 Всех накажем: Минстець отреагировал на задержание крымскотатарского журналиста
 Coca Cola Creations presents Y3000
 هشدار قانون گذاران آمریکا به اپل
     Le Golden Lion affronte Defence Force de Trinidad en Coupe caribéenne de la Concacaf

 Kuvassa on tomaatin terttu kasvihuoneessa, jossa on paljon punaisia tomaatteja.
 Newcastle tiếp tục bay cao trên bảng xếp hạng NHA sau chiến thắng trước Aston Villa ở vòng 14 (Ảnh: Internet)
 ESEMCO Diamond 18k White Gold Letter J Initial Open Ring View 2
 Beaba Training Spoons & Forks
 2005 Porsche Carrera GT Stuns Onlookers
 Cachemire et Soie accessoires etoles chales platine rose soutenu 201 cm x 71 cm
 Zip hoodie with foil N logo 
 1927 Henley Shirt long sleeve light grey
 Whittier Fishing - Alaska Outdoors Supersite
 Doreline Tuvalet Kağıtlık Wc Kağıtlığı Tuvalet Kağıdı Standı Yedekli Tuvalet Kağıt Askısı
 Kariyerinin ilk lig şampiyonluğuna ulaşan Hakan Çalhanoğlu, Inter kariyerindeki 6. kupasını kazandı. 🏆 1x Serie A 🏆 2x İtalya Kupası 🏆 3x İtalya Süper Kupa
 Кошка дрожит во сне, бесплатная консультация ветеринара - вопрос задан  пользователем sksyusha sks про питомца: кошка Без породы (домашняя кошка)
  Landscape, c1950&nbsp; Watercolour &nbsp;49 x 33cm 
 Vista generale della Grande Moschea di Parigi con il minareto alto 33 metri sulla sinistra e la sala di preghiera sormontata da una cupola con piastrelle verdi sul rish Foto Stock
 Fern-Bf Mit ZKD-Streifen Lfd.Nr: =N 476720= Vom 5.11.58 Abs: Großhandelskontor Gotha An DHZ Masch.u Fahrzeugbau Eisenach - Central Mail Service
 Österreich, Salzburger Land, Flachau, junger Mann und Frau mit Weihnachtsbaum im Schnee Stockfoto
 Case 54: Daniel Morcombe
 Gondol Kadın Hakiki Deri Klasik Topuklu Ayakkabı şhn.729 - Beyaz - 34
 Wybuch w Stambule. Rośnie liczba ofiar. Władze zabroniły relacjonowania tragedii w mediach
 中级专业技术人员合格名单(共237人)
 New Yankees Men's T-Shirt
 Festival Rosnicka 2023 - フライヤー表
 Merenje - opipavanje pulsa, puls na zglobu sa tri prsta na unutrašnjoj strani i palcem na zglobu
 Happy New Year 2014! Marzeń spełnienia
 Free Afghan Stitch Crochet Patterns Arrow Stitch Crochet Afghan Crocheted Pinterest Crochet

• **PROBLEM STATEMENT**:
Retype the entries above exactly, but only from the line containing "Whittier Fishing - Alaska Outdoors Supersite" through the line containing "Vista generale della", both included.

• **SOLUTION TO THE PROBLEM**:
 Whittier Fishing - Alaska Outdoors Supersite
 Doreline Tuvalet Kağıtlık Wc Kağıtlığı Tuvalet Kağıdı Standı Yedekli Tuvalet Kağıt Askısı
 Kariyerinin ilk lig şampiyonluğuna ulaşan Hakan Çalhanoğlu, Inter kariyerindeki 6. kupasını kazandı. 🏆 1x Serie A 🏆 2x İtalya Kupası 🏆 3x İtalya Süper Kupa
 Кошка дрожит во сне, бесплатная консультация ветеринара - вопрос задан  пользователем sksyusha sks про питомца: кошка Без породы (домашняя кошка)
  Landscape, c1950&nbsp; Watercolour &nbsp;49 x 33cm 
 Vista generale della Grande Moschea di Parigi con il minareto alto 33 metri sulla sinistra e la sala di preghiera sormontata da una cupola con piastrelle verdi sul rish Foto Stock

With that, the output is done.